Isla Holbox has been an interesting place to be so far. The island is made of sade washed up from the ocean because of a lagoon, and anchored in place over the years by a variety of plants and their root systems. It is accessible only by boat. (Addendum: There is also a small jetport, but that's ridiculously expensive.)
We arrived here Thursday after a flight from Newark to Cancun, a two-hour drive through the outlying regions of Quintana Roo state, and then a relatively quick -- 15 minutes, I think -- ride on a speed boat, followed by a three- or four-minute jaunt on a golf cart to Amigos House, where we are staying.
We've established the general lay of the land while we've been here, finding our way to the hotel where almost everyone else is staying, and to the center of town, where the restaurants and other businesses that cater to the turistas are located.
We ate lunch Friday at a place called Chonchy's. The service was slow, and some meals came before others -- a definite departure from restaurants in the United States -- but the food was excellent. Evangeline and Rachel ordered quesadillas, I can't remember what Natasha got, and I ate some fajitas.
Actually, I was especially pleased with myself. I don't speak Spanish -- not really -- but I know enough that I was able to order my food, and the girls', correctly, and to compliment the cook when she came out to see if we liked it, or if there was anything else she could get us.
At the Cancun Radisson where we ate lunch on Thursday, Evangeline ordered a salad, and was confounded when the waiter brought out a plate of sliced tomatoes and mozzerella cheese. She quite clearly had been expecting lettuce, but that wasn't a part of the deal here. It may be that since it's a cold-weather crop it's not available here. Yo no se. But I have noticed that she's trying to stick to more familiar or "safe" foods, like quesadillas.
Natasha's brother Kevin has impressed all of us with his apparent facility with Spanish. He has trouble understanding what people say to him, but having grown up in the Southwest and making trips to Mexico regularly as a student at Flowing Wells High School, he knows abit and can make a guess at a lot more.

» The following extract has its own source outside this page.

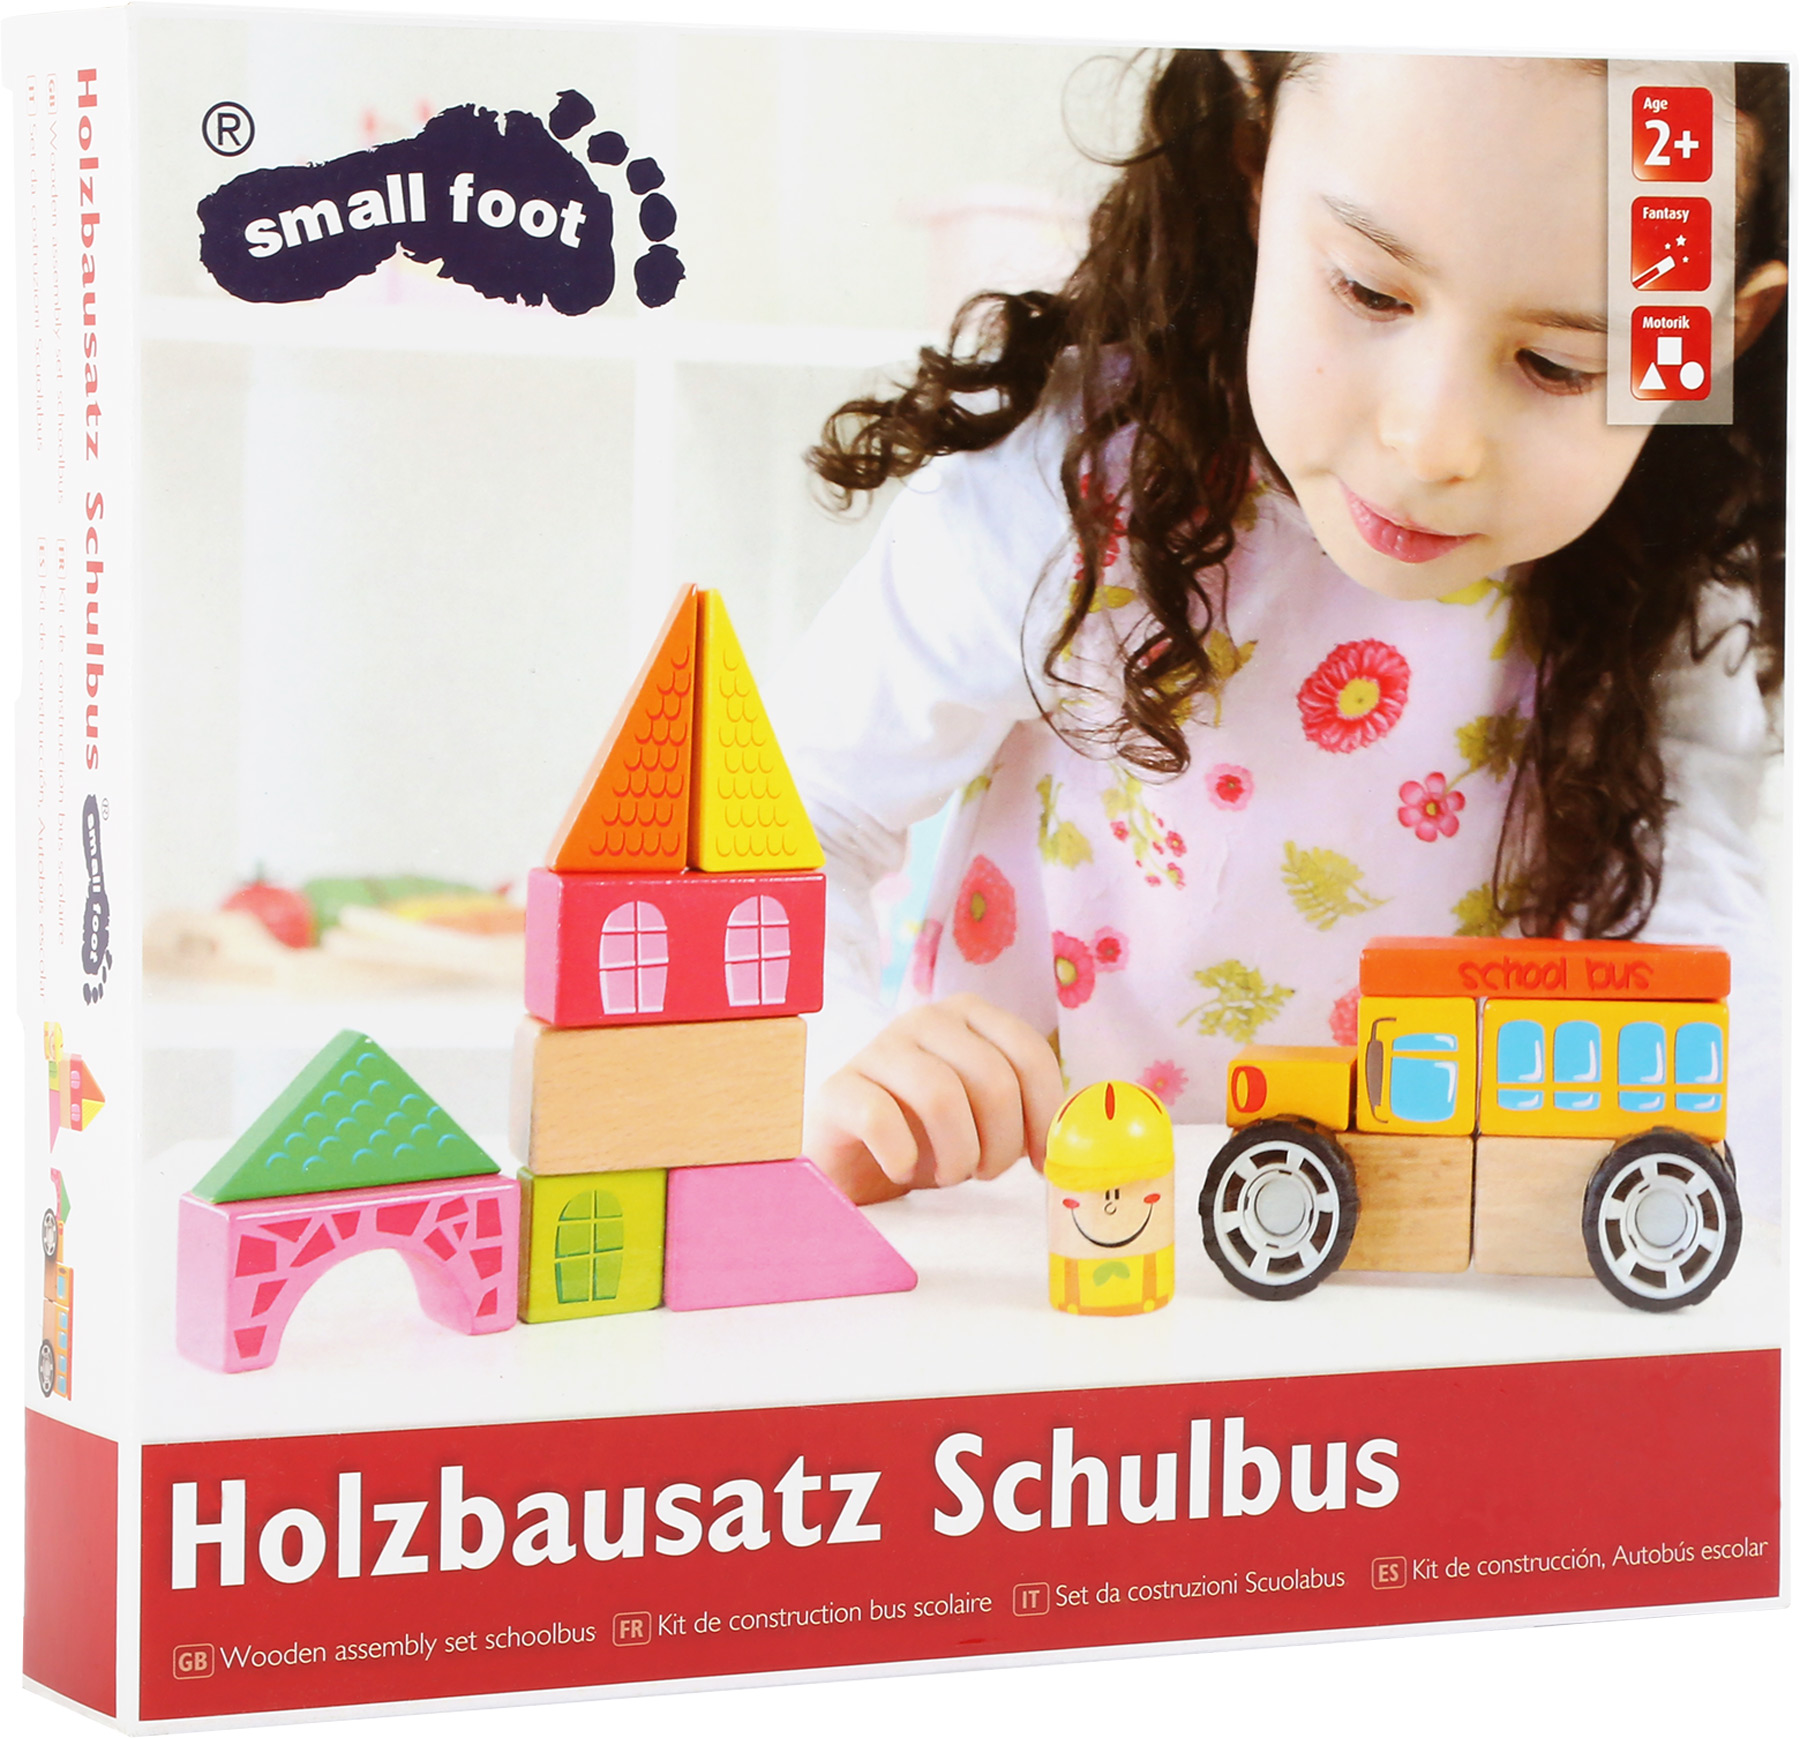 small foot company - Schulbus Holzbauklötze

I've been doing all right. Twice I've been able to explain that Mi ija necessita ir al baño; ¿donde ésta? among other things, but my Kreyol keeps wanting to come out this way, as I've seen or heard happen many times when multilingual people speak. Thus yesterday I said about lunch, "Me gusta anpil," and last night nearly confused the waiter by asking, "Garçon, mas tostadas, sille vous plait." ¡Hay caramba! as absolutely no one in Haiti would say.

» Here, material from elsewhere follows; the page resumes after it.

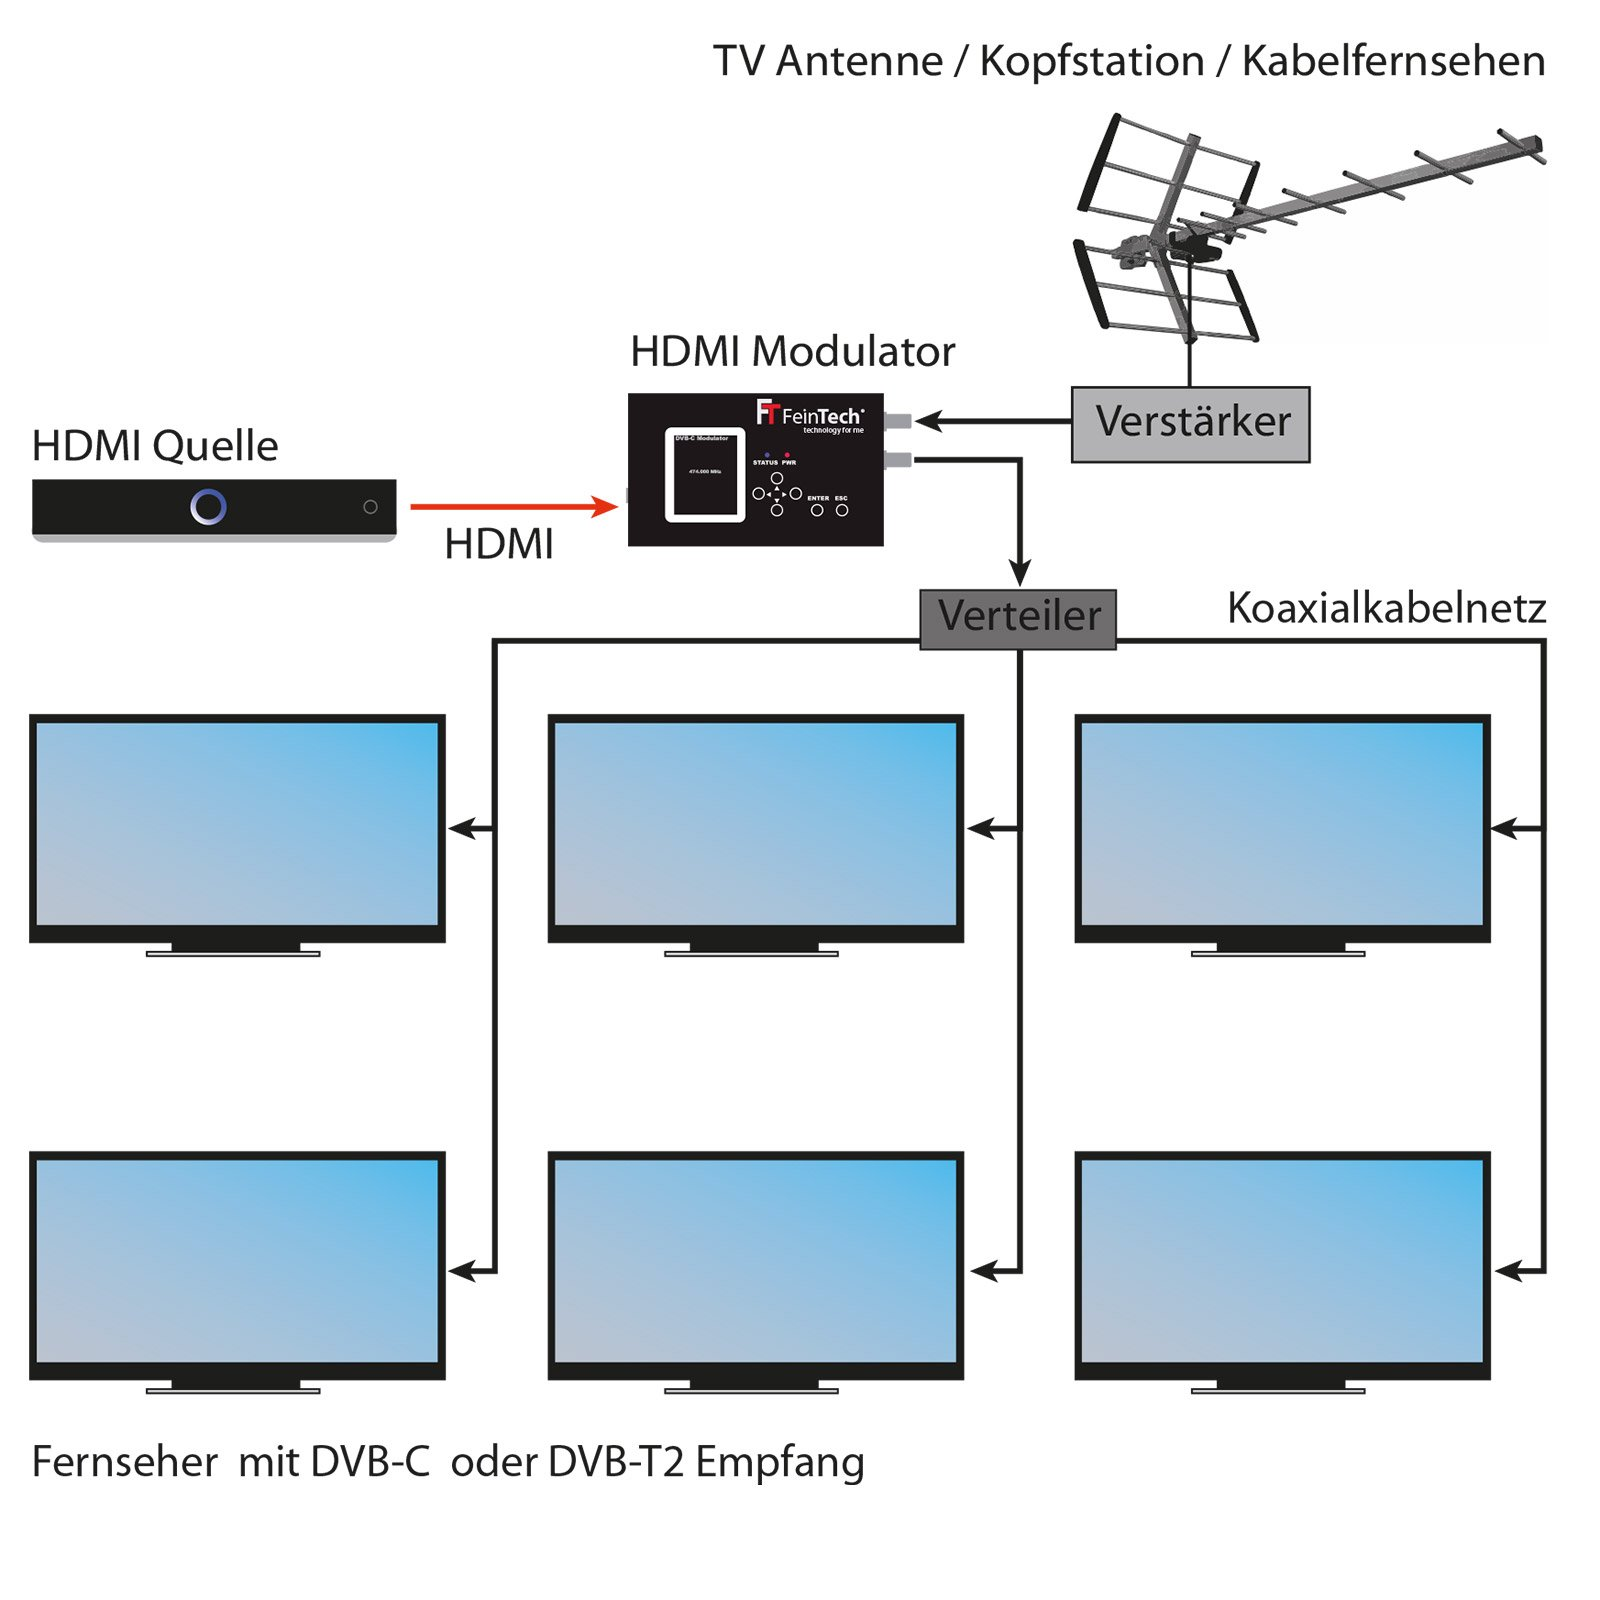 60Hz / 1080p VHQ00101 HDMI-Modulator FEINTECH DVB-C DVB-T

Last night we had pizza, and once again I found myself missing my homemade sourdough crust. The crust here was thin and flaky, and in some ways made me thing of a very large tortilla chip. Ma said it probably had pork lard in it too. The cheese was of one variety, and the sauce was fairly bland. The toppings made it interesting, though -- jamon, vegetable, and lobster. I've never had that on pizza before.
Amigo House is a two-story residential building with three other buildings on site, including a laundry room, a kitchen/living room, and the quarters the owners use when they are here. The main building is a frame of palm tree trunks nailed and spiked together, with walls of plaster. It comes complete with TV sets in each room, plus air conditioning and a fully functional kitchen.
And now it's time to wake the kids.
It's now afternoon. The girls and I just got back from a much smaller lunch than yesterday's, at a luncheria where we spent 54 pesos -- about $5 -- on a pair of quesadillas for the girls and something which name I can't remember, for myself.
We spent most of the morning with Ma and Tracy, who rented a golf cart to drive around the island and see what it looked like.